#### Extracted data:

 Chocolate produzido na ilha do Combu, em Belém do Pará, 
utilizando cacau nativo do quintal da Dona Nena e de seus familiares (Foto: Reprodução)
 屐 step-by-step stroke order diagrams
--
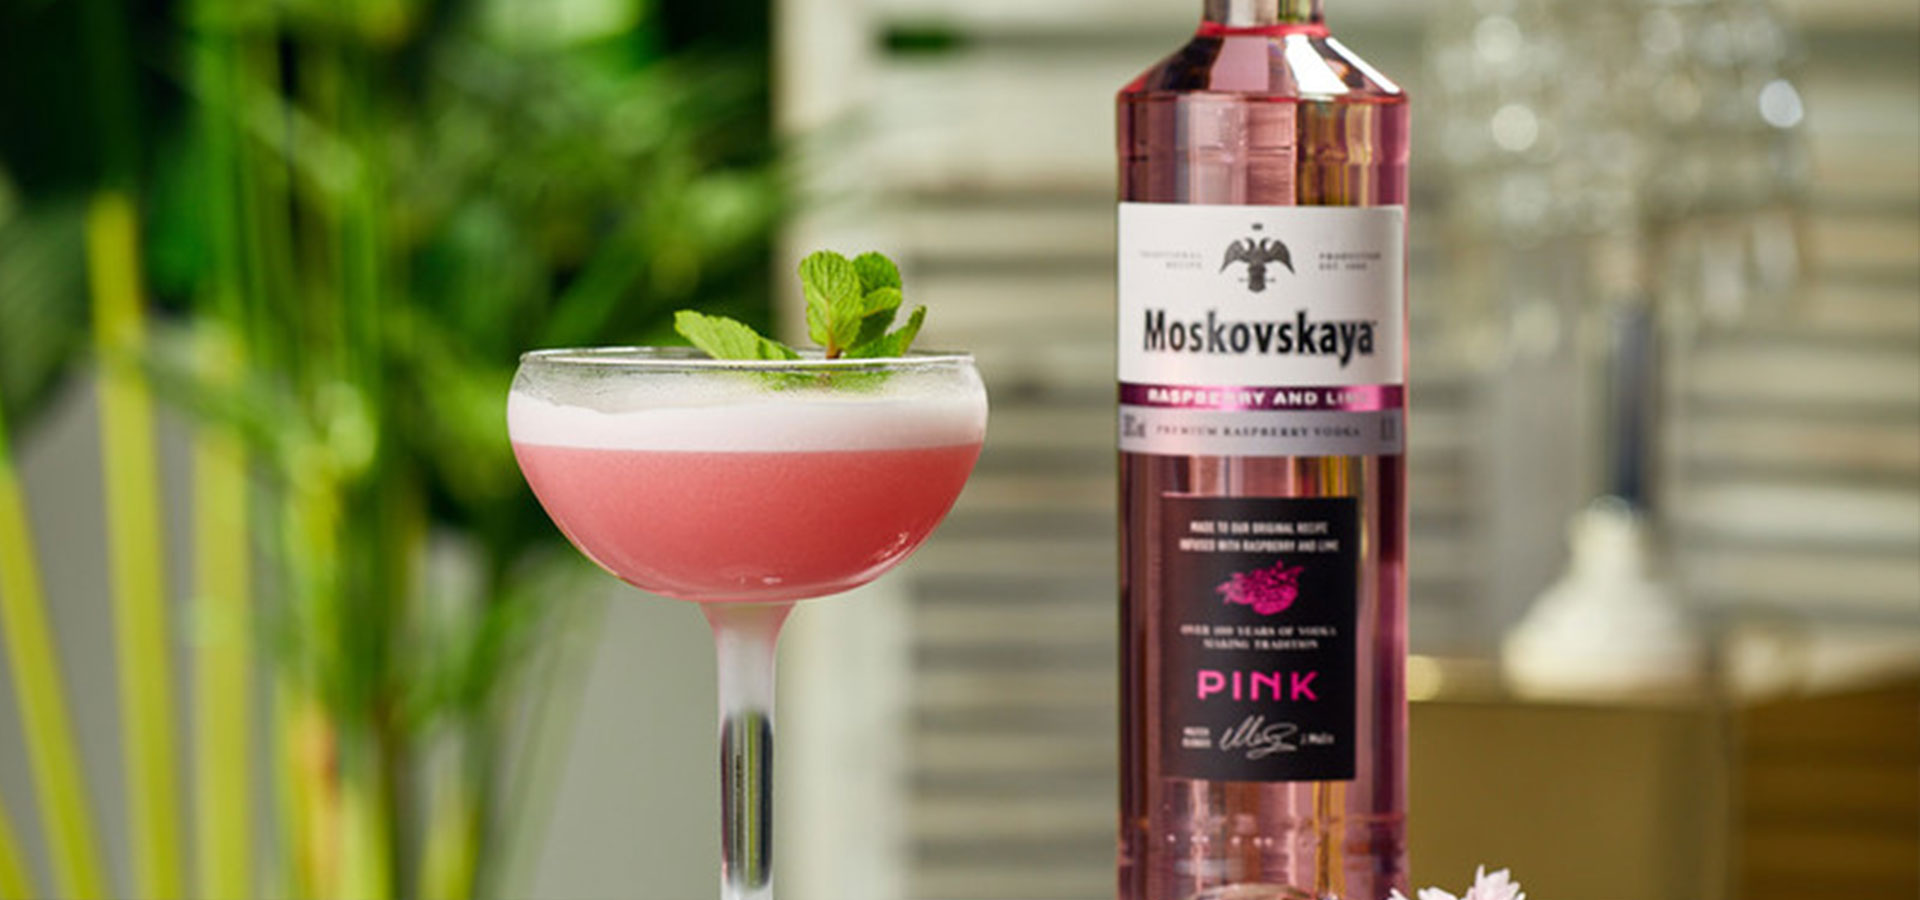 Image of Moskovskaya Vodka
---
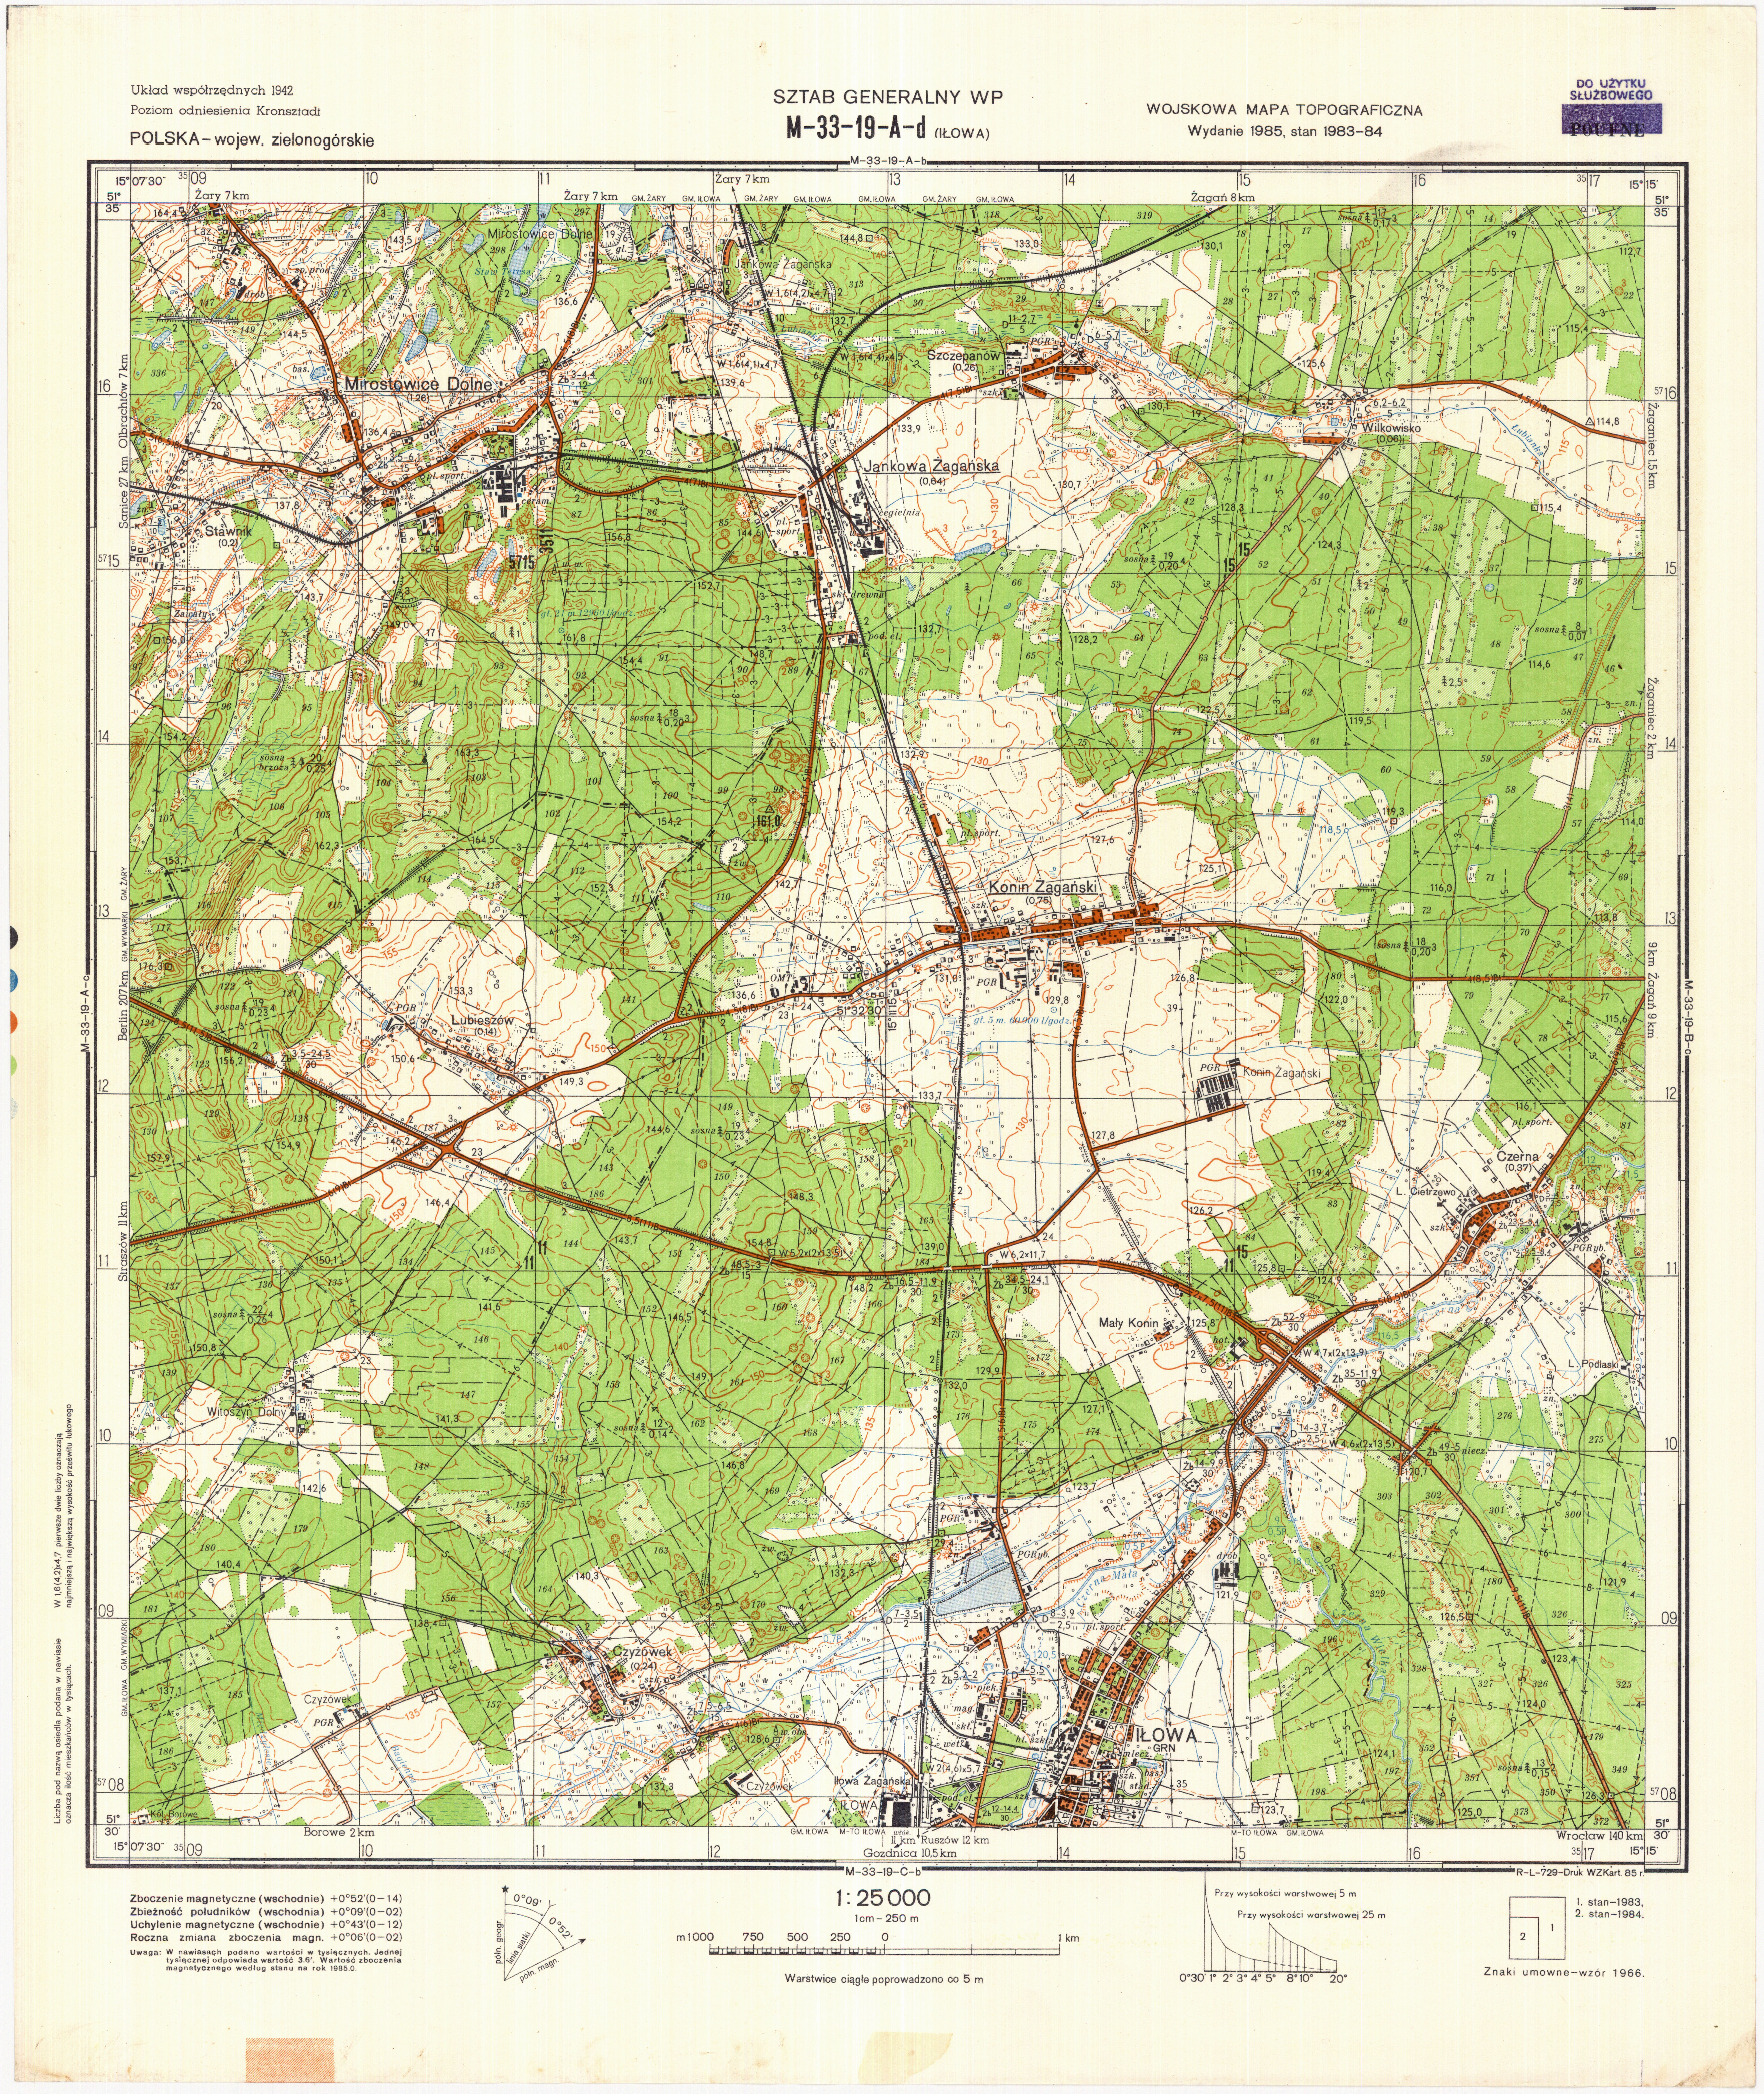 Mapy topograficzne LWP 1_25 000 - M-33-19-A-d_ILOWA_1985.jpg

#### Work item:
An exact copy of the lines above, from the one containing "utilizando cacau nativo" down to the one containing "屐 step-by-step stroke order diagrams" and including both, is the whole answer; retype it and nothing else.

#### Response:
utilizando cacau nativo do quintal da Dona Nena e de seus familiares (Foto: Reprodução)
 屐 step-by-step stroke order diagrams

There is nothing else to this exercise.